Friday, October 16, 2020

This Year, Everybody in: Abilities Expo Virtual Experience Nov. 20-22

Great news - like everything else this year, the Abilities Expo will be online. You, you, you and you are all going!

Whether you're in the market for equipment or not, whether you have money or not, going to the Abilities Expo is a good idea for people with disabilities and their families. You're seeing some of the latest tech available on the market. Service organizations come out to show you what's out there to take advantage of. There are excellent and fun presentations by experts and entertainers alike. And tons of people with disabilities and their families to see, to meet, to swap ideas and numbers with. I come away with new ideas to talk out, new numbers to call, new websites to check out, new friends to email, brand new energy.

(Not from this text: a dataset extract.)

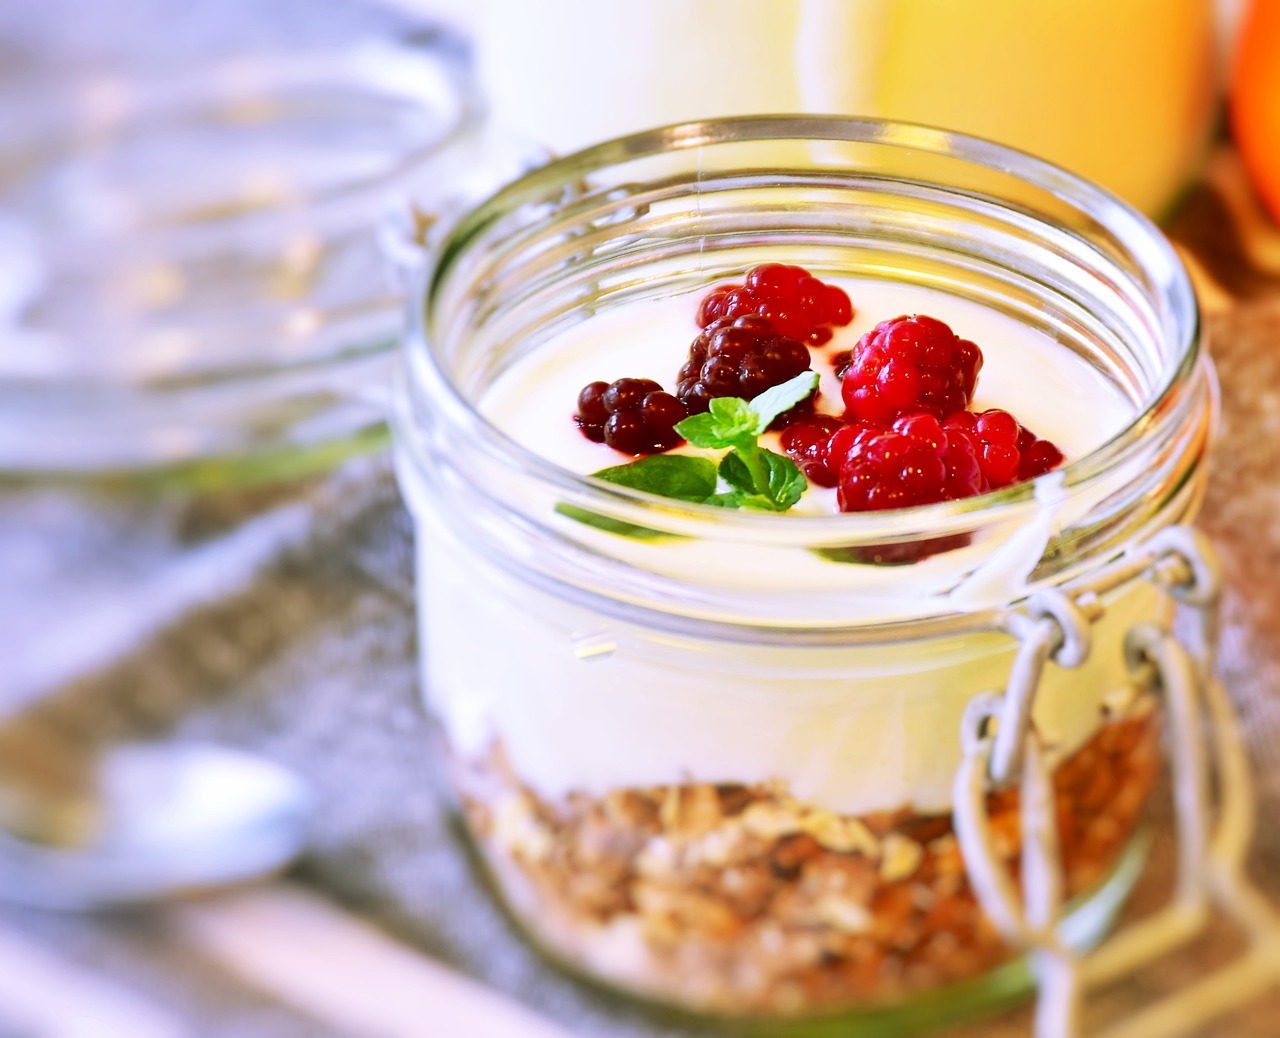 Mason jar with breakfast parfait of greek yoghurt, cereals, and berries

Of course you got to get their first. Sometimes that's a hassle or an impossibility. The Abilities Expo only takes place in six cities every year. Good for the folks near those cities, right, but what about the rest? And of course Covid wiped out the in-person Abilities Expos earlier in the year, all canceled.

Well the great news is that the circumstances leveled the playing field for everyone, and the Abilities Expo goes completely online from Nov. 20-22. Everybody can attend, for free. All the exhibitioners, service orgs, presentations (Tony-winner Ali Stroker!), all waiting for us to visit in our jammies.

Good on ya, organizers!

I already said Free free free, but first you gotta register.

November 20-22, 2020

Online Globally

Accessible 24 hours a day starting Friday, 9 am PST.

Friday, October 9, 2020

Cedar Hills State Park: the Forest by the City ... n ANTS!

1570 West FM 1382, Cedar Hill, TX (18 mi. from downtown Dallas)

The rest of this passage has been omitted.